# Recorded information:
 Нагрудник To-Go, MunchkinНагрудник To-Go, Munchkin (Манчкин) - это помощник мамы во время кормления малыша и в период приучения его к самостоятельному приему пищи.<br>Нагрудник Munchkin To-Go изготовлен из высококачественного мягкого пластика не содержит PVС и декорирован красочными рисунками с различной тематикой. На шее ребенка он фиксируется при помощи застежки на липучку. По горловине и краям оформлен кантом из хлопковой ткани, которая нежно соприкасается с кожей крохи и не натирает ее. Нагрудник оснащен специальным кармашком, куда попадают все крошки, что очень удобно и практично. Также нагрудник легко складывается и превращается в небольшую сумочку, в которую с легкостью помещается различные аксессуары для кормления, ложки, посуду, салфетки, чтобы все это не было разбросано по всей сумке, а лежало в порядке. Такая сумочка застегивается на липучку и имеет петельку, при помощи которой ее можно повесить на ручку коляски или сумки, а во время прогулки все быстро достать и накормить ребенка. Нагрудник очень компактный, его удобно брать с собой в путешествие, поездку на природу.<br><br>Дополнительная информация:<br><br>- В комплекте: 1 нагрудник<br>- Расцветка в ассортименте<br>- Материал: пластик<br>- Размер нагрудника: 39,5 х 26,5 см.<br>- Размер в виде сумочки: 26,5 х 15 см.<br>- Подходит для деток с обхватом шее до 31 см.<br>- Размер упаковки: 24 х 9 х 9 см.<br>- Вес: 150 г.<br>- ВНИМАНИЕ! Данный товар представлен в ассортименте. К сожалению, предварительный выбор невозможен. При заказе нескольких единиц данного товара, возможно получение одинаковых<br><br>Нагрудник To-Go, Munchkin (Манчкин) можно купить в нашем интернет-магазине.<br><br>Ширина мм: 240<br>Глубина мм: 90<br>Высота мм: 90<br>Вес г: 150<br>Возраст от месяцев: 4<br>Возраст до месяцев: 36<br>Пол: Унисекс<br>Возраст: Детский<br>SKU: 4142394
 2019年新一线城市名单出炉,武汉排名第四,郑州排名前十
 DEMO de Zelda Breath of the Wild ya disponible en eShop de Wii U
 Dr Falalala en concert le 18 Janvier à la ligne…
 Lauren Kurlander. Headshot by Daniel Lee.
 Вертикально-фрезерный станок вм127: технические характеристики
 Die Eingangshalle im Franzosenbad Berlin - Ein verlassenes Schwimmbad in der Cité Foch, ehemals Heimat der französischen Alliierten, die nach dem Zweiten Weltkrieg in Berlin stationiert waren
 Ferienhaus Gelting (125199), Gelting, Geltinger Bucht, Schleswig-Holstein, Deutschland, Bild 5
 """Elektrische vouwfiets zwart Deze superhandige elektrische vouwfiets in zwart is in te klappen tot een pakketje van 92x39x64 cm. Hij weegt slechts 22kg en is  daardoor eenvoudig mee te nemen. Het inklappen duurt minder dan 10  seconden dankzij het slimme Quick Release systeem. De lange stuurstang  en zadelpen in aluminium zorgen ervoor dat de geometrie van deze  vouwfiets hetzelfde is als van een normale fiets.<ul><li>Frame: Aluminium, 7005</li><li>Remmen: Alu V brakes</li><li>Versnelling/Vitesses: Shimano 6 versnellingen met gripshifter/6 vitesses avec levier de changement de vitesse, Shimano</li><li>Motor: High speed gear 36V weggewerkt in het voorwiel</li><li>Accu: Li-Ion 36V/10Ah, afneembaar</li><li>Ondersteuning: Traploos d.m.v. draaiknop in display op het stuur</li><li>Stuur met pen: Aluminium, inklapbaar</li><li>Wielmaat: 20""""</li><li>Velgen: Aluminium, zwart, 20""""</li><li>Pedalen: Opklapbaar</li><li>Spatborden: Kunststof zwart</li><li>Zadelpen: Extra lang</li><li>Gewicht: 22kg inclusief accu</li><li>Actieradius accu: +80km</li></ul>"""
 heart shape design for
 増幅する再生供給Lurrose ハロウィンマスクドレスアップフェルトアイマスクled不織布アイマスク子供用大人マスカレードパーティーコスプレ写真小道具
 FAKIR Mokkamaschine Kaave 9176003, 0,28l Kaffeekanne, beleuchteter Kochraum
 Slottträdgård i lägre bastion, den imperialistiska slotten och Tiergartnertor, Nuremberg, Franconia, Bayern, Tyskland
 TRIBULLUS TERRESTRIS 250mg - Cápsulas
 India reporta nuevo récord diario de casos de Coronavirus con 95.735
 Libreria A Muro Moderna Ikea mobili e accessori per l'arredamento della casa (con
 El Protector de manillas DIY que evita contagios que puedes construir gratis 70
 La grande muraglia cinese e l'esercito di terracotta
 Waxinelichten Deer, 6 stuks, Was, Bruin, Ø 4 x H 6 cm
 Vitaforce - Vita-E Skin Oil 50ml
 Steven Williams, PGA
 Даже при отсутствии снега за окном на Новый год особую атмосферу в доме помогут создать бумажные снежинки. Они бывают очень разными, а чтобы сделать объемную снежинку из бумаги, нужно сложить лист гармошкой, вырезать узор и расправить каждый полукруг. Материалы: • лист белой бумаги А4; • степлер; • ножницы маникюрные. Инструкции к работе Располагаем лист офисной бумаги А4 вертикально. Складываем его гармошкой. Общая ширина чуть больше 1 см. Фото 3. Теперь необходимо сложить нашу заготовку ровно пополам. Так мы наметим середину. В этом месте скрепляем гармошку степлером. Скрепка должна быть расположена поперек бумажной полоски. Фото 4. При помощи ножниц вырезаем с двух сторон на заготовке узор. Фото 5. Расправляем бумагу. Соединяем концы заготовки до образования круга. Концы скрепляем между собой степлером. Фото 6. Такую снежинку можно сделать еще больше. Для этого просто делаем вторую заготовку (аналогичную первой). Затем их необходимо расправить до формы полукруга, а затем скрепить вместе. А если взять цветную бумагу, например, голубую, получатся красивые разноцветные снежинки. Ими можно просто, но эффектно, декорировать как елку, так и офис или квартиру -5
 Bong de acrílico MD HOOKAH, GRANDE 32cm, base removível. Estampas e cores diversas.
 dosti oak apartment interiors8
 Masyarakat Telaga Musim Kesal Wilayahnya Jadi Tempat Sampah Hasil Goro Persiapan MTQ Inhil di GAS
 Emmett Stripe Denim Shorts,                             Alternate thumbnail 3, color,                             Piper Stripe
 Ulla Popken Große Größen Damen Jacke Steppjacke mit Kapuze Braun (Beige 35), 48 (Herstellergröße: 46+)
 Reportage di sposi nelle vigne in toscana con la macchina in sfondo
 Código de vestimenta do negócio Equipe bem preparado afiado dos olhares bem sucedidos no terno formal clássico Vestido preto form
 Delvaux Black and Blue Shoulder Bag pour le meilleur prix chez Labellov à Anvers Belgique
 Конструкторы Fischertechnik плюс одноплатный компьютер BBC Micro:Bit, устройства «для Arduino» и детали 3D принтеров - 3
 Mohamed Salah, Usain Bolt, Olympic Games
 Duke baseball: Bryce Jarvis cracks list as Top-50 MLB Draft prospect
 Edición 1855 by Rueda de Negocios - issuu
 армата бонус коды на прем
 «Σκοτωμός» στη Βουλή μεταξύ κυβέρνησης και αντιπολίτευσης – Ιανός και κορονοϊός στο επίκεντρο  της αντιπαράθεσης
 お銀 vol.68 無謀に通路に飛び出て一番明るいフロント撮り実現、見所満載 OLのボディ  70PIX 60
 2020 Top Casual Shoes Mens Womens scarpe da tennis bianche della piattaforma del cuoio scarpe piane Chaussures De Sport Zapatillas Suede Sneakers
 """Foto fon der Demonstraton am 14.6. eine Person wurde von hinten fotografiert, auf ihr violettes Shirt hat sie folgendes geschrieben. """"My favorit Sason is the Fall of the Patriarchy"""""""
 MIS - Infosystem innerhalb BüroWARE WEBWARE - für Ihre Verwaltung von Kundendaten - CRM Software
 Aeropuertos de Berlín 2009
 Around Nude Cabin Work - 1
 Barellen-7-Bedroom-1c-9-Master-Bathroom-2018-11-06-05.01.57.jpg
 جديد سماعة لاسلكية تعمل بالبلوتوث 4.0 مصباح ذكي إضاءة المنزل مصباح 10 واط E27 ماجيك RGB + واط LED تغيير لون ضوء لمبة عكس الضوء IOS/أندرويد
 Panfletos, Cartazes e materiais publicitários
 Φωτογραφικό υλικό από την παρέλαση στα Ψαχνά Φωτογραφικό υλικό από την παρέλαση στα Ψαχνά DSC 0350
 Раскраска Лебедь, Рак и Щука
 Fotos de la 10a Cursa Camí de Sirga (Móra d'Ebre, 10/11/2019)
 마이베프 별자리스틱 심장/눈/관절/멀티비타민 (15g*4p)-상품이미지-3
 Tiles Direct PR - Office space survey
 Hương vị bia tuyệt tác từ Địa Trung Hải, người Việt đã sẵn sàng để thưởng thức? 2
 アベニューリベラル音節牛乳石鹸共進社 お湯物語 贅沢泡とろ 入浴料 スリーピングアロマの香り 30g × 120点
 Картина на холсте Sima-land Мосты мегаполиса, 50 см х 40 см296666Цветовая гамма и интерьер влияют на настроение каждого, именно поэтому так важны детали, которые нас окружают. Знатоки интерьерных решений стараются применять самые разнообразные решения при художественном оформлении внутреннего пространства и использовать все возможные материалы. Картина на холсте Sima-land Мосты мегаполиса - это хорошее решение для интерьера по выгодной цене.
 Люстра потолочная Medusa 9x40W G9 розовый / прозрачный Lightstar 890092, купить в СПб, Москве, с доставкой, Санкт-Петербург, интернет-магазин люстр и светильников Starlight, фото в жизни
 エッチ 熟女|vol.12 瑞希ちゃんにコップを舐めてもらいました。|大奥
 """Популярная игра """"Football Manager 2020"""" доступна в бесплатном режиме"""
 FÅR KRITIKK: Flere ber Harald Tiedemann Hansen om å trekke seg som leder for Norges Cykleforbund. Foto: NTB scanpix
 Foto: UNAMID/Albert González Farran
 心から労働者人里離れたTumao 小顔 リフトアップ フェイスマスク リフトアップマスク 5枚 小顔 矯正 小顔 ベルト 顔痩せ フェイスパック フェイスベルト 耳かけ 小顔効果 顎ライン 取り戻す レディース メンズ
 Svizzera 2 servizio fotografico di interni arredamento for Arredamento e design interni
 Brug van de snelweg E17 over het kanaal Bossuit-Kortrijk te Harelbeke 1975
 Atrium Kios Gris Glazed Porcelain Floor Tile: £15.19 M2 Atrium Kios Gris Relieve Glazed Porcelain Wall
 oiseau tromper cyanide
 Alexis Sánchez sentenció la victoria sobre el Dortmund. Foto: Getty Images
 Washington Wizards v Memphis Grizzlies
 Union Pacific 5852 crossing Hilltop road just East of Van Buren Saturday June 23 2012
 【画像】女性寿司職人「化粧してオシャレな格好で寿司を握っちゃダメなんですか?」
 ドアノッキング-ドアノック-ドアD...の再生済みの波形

# Task:
Word for word, restate the lines above from the line containing "Masyarakat Telaga Musim" through the line containing "Mohamed Salah, Usain Bolt, Olympic Games", with both included and nothing else.

# Answer for the task:
 Masyarakat Telaga Musim Kesal Wilayahnya Jadi Tempat Sampah Hasil Goro Persiapan MTQ Inhil di GAS
 Emmett Stripe Denim Shorts,                             Alternate thumbnail 3, color,                             Piper Stripe
 Ulla Popken Große Größen Damen Jacke Steppjacke mit Kapuze Braun (Beige 35), 48 (Herstellergröße: 46+)
 Reportage di sposi nelle vigne in toscana con la macchina in sfondo
 Código de vestimenta do negócio Equipe bem preparado afiado dos olhares bem sucedidos no terno formal clássico Vestido preto form
 Delvaux Black and Blue Shoulder Bag pour le meilleur prix chez Labellov à Anvers Belgique
 Конструкторы Fischertechnik плюс одноплатный компьютер BBC Micro:Bit, устройства «для Arduino» и детали 3D принтеров - 3
 Mohamed Salah, Usain Bolt, Olympic Games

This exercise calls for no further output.